You spend money online every day — Amazon, Instacart, DoorDash, Airbnb, random boutique stores you've never heard of. The question isn't whether you should have a credit card for online shopping. It's which one is actually earning you the most.
The answer depends on where you shop most, whether you want simple cash back or transferable points, and how much mental energy you want to spend managing your wallet.
Here's the breakdown.
The Quick Answer: Best Online Shopping Credit Cards at a Glance
| Card | Best For | Online Rewards Rate | Annual Fee |
|---|---|---|---|
| Chase Freedom Unlimited | Everyday flexibility | 1.5% everywhere | $0 |
| Citi Double Cash | Simplicity | 2% everywhere | $0 |
| Amazon Prime Rewards Visa | Amazon loyalists | 5% at Amazon | $0 (w/ Prime) |
| Capital One Savor Cash | Food delivery + entertainment | 3% on dining, streaming | $0 |
| Blue Cash Everyday (Amex) | Online + groceries combo | 3% at U.S. online retailers | $0 |
| Chase Sapphire Preferred | Travel spenders | 3x dining, 5x travel | $95 |
| Citi Custom Cash | One dominant category | 5% on top category | $0 |
| Chase Freedom Flex | Rotating 5% categories | 5% rotating (incl. Amazon) | $0 |
Best Overall: Citi Double Cash
If you want to stop thinking about categories and just earn solid rewards on everything you buy online, the Citi Double Cash is the cleanest solution. You earn 2% back on all purchases (1% when you buy, 1% when you pay) — no caps, no category management, no annual fee.

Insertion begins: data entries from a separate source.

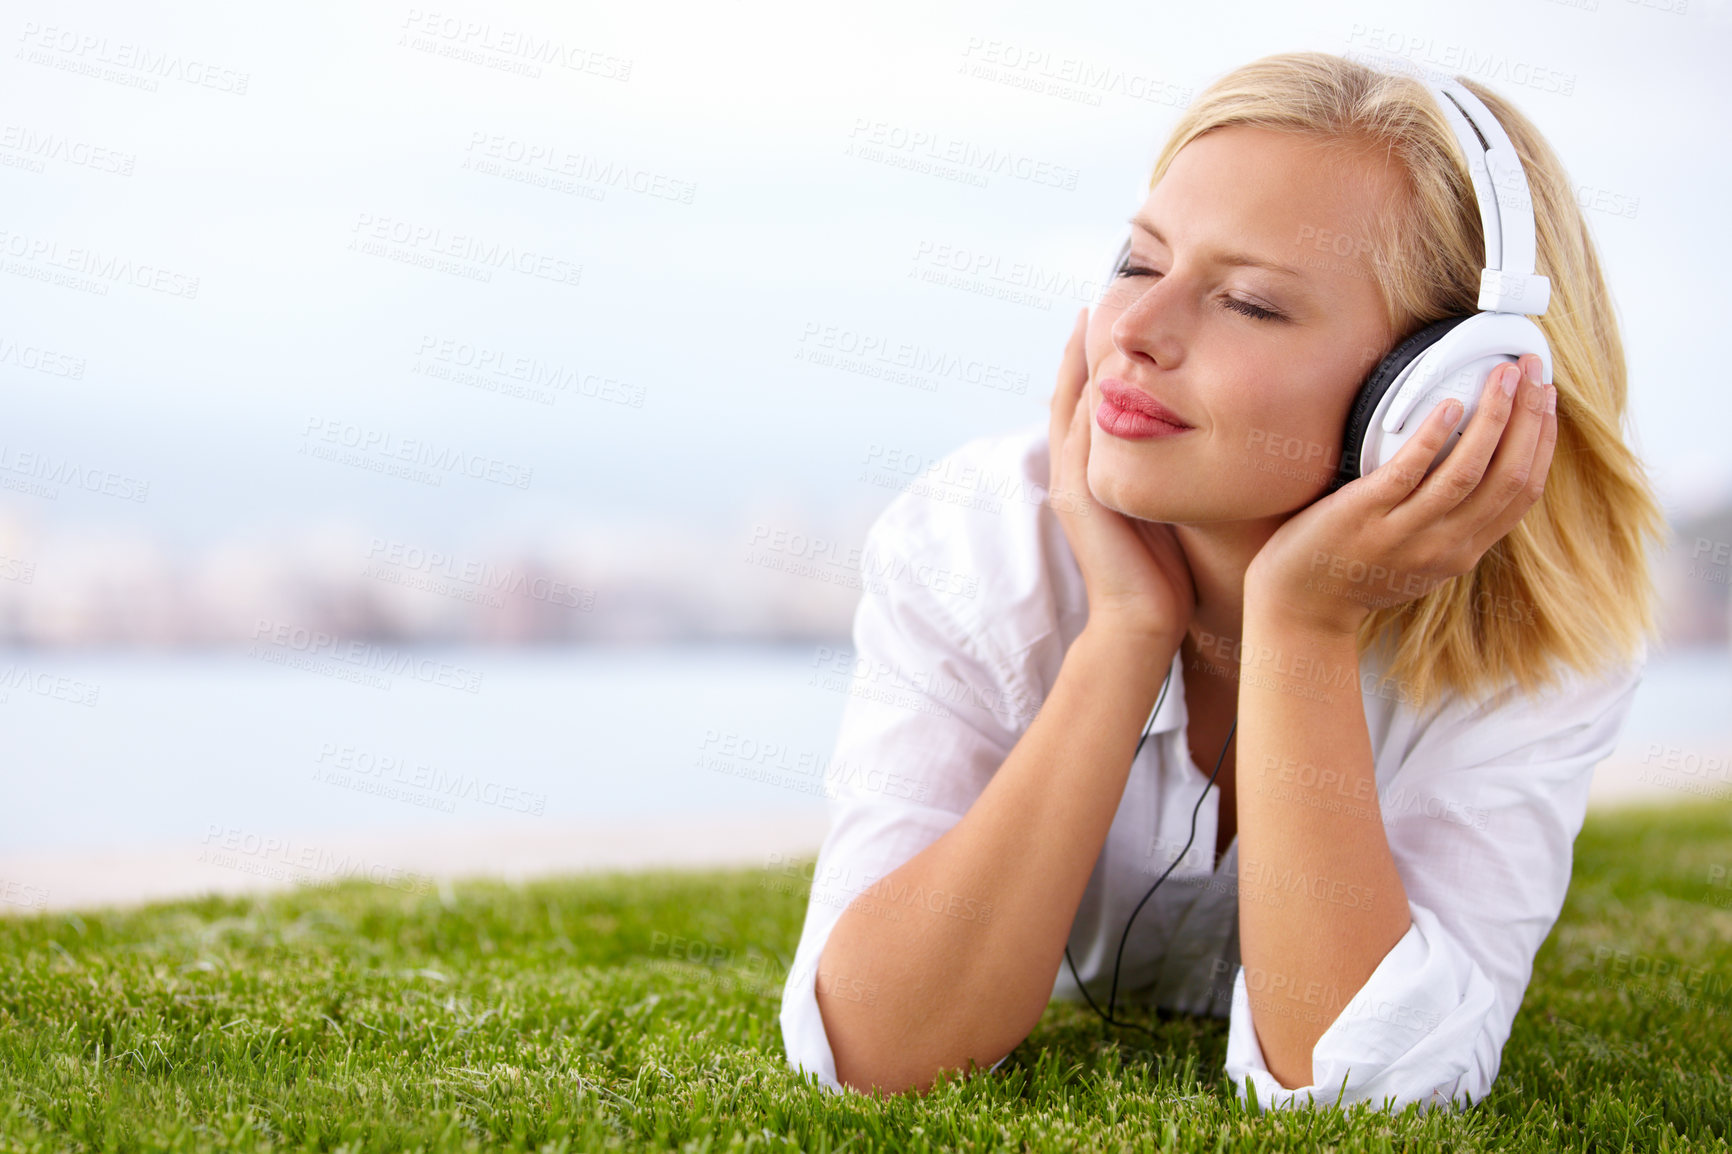 Buy stock photo Shot of a woman lying on a grassy field listening to music with her eyes closed
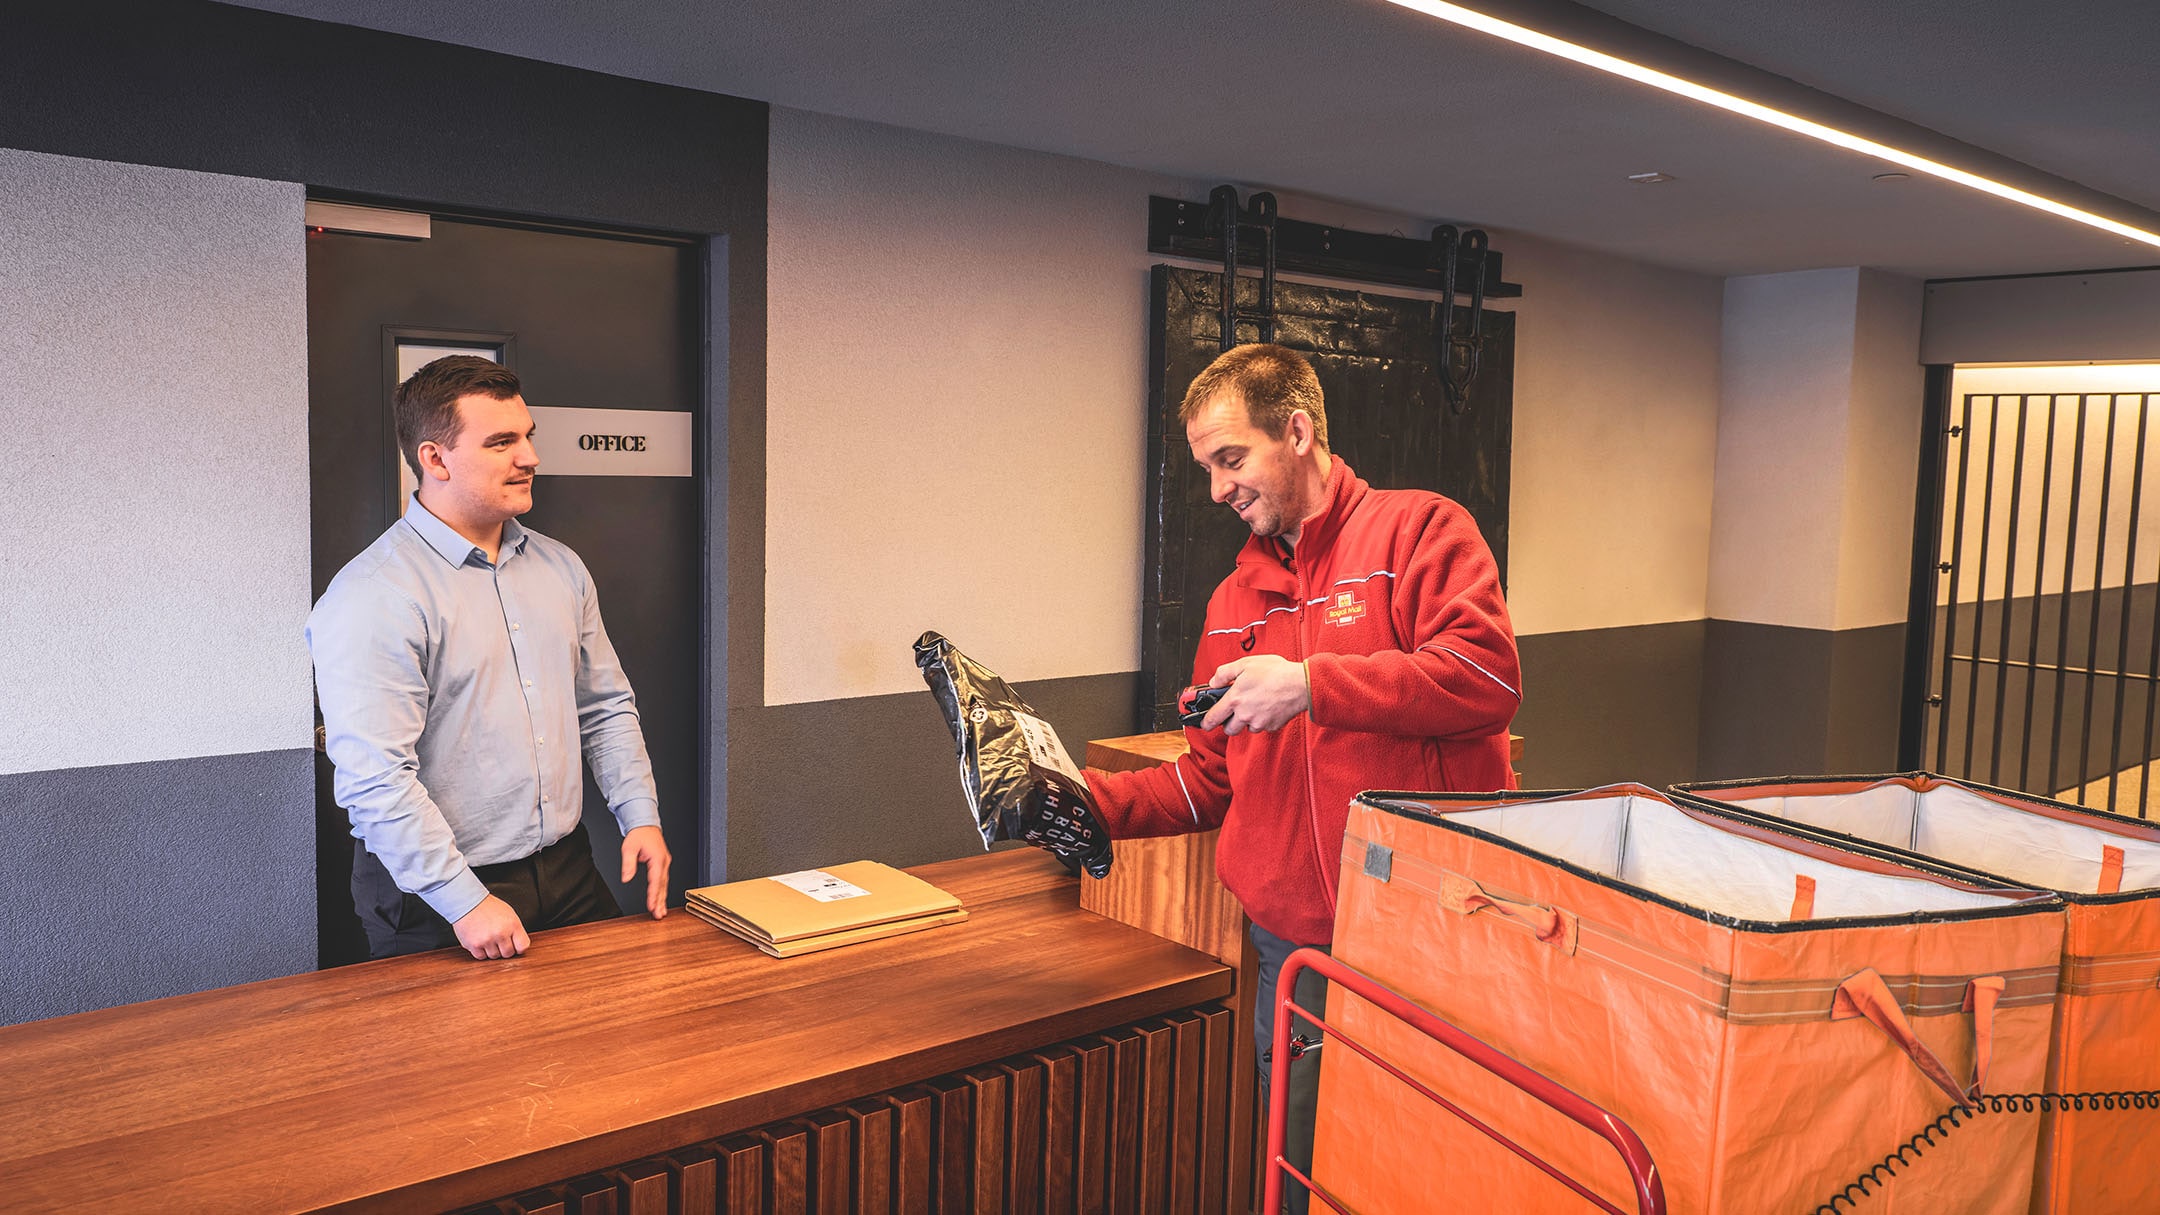 Delivery man handing over a package to a man standing behind a reception desk
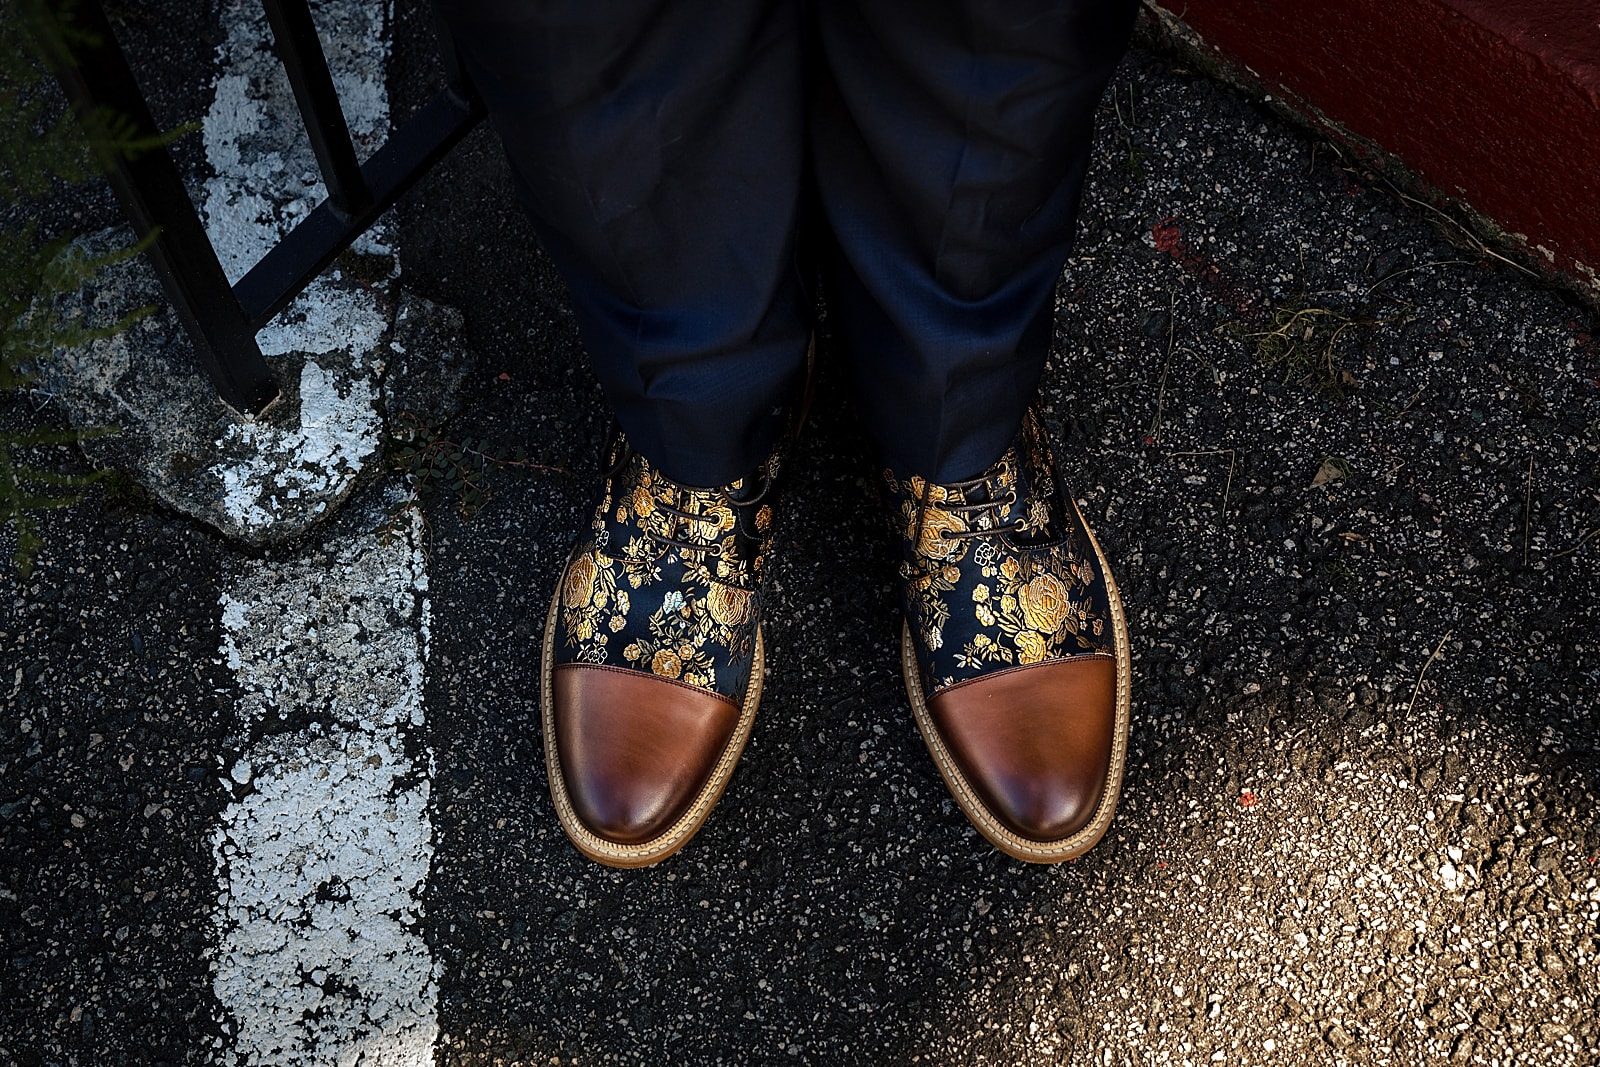 groom style inspiration - cool shoes

For online shopping specifically, 2% flat is often better than a card that theoretically offers 5% but only on one store or for 3 months at a time.
Citi Double Cash now converts to Citi ThankYou Points at 1 cent per point, which you can transfer to airline partners including Turkish Airlines and Air France/KLM Flying Blue for outsized value.
Best for: Shoppers who buy across many sites and don't want to manage categories.
Best for Amazon: Amazon Prime Rewards Visa
If you're buying through Amazon more than 2–3 times a month, the Amazon Prime Rewards Visa (issued by Chase) is hard to beat. You earn 5% back on Amazon and Whole Foods — which means groceries, electronics, books, home goods, streaming hardware — all at 5%.
The card earns 2% at restaurants, gas stations, and drugstores, and 1% everywhere else. No annual fee beyond your existing Prime membership ($139/year). Rewards come as Amazon cashback and apply directly to your next purchase.
One caveat: if you're not a Prime member, the non-Prime version only earns 3% at Amazon. Still solid, but the 5% is the real differentiator.
Best for: Amazon loyalists who spend $300+/month on the platform.
Best No-Annual-Fee for Online Retailers: Amex Blue Cash Everyday
The Blue Cash Everyday from American Express has a category specifically designed for online spending: 3% cash back at U.S. online retailers (up to $6,000/year, then 1%). This is one of the only mainstream no-fee cards with a dedicated "online shopping" category.
You also get 3% at U.S. supermarkets (up to $6,000/year) and 3% at U.S. gas stations. Cash back comes as statement credits.
The $6,000 annual cap on online retail means if you're spending $500+/month on non-Amazon online sites, you'll hit the ceiling. Above that, pair it with a 2% card.
Best for: Moderate online shoppers who also value grocery rewards and want zero fees.
Best for Food Delivery + Streaming: Capital One Savor Cash
If your "online shopping" is mostly DoorDash, Uber Eats, Netflix, Spotify, and similar subscriptions, the Capital One Savor Cash earns 3% on dining (which includes delivery apps) and streaming services, plus 3% at grocery stores. No annual fee, and it includes 8% back at Capital One Entertainment (concerts, sporting events).
Unlike some competing cards, the Savor doesn't have category caps, so heavy delivery spenders can earn meaningfully more here than on a flat 2% card.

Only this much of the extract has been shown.